The proposed text-independent speaker recognition framework

2.1 Log filter bank features extraction

The original speech signal is a one-dimensional time domain signal, and the input of deep residual network is a two-dimensional signal data. Generally, there are two main ways to extract features for speech: MFCC [19] and log filter bank [20]. Because MFCC is based on log filter bank, the feature extraction of log filter bank is more in line with the essence of speech signal, fitting the characteristics of human ear reception, and MFCC does DCT decorrelation processing on log filter bank, so log filter bank contains more information than MFCC. Therefore, the original speech signal is first extracted as a log filter bank feature vectors. The specific steps of log filter bank feature vectors extraction [19, 20] are as follows:

  • Pre-emphasis

Pre-emphasis is a high-pass filter whose purpose is to boost high-frequency signal components. In terms of acoustic features extraction, the pre-emphasis filter is shown in Eq. 1.
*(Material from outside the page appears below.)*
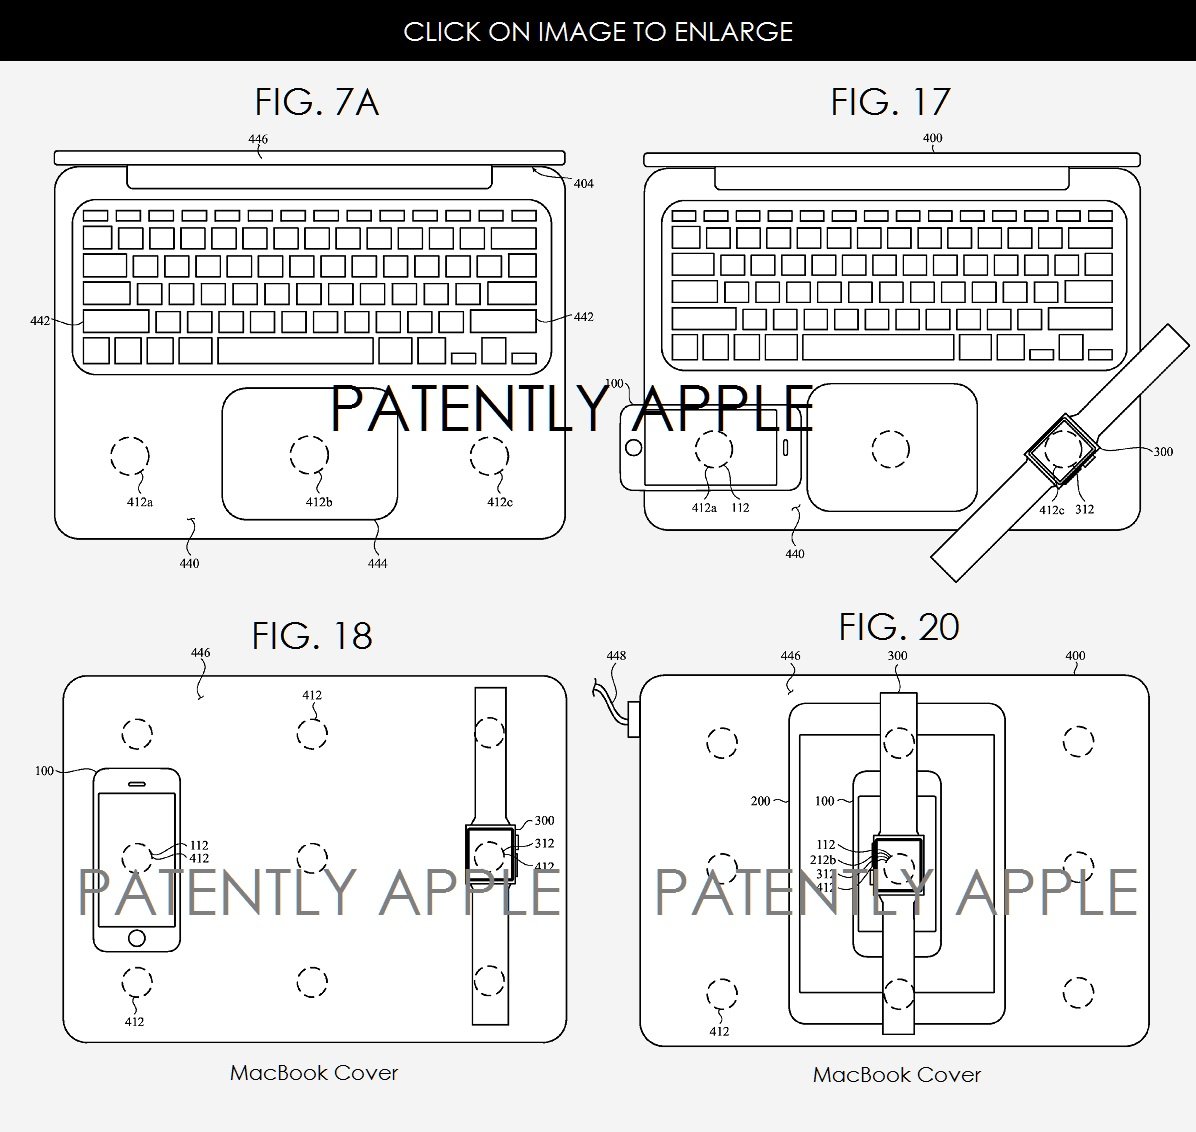 MacBook wireless charging patent image

$$ \begin{aligned} & H(z)=1-\alpha z^{-1} \end{aligned} $$

where α is a pre-emphasis coefficient, and z is an input signal of original speech.

  • Framing

By dividing the speech signal into shorter frames, the signal can be regarded as a steady-state signal in each frame, which can be processed as the steady-state signal in the same way. At the same time, in order to make parameters between two adjacent frames more smoothly, there is a partial overlap.

  • Windowing function

The purpose of the windowing function is to reduce the leakage in the frequency domain. Each frame of speech signal is multiplied by a Hamming window with a frame length and a frame shift [19]. Each frame signal after preprocessing is multiplied by the Hamming window to increase the continuity of the frame. The calculation process is shown in Eq. 2.

$$ \begin{aligned} & T(n)=S(n)\times (0.54-0.46cos[2\pi n/(N-1)]),\ 0\leq n\leq N-1 \end{aligned} $$

where S(n) is the input of speech signal after pre-emphasis and framing, and N is a frame length.

  • Fast Fourier transform

Then, each frame of speech signal is performed with fast Fourier transform, and the time domain data is converted into frequency domain data. As shown in Eq. 3.

$$ \begin{aligned} & X(k)=\sum_{n=0}^{N-1}T(n)e^{-2\pi nk/P},\ 0\leq k\leq P \end{aligned} $$

where T(n) is an input speech signal after windowing function, P is the number of Fourier transform points, and k is the frequency index (k=0,1,2,...,P−1).

  • Energy calculation of mel filter banks

The energy spectrum is fed to several triangular bandpass filters Hm(k). Each filter has triangular filtering characteristics [18]. In the frequency domain, the energy spectrum |X(k)|2 and the frequency domain response Hm(k) are multiplied and added. The calculation process is shown in Eq. 4.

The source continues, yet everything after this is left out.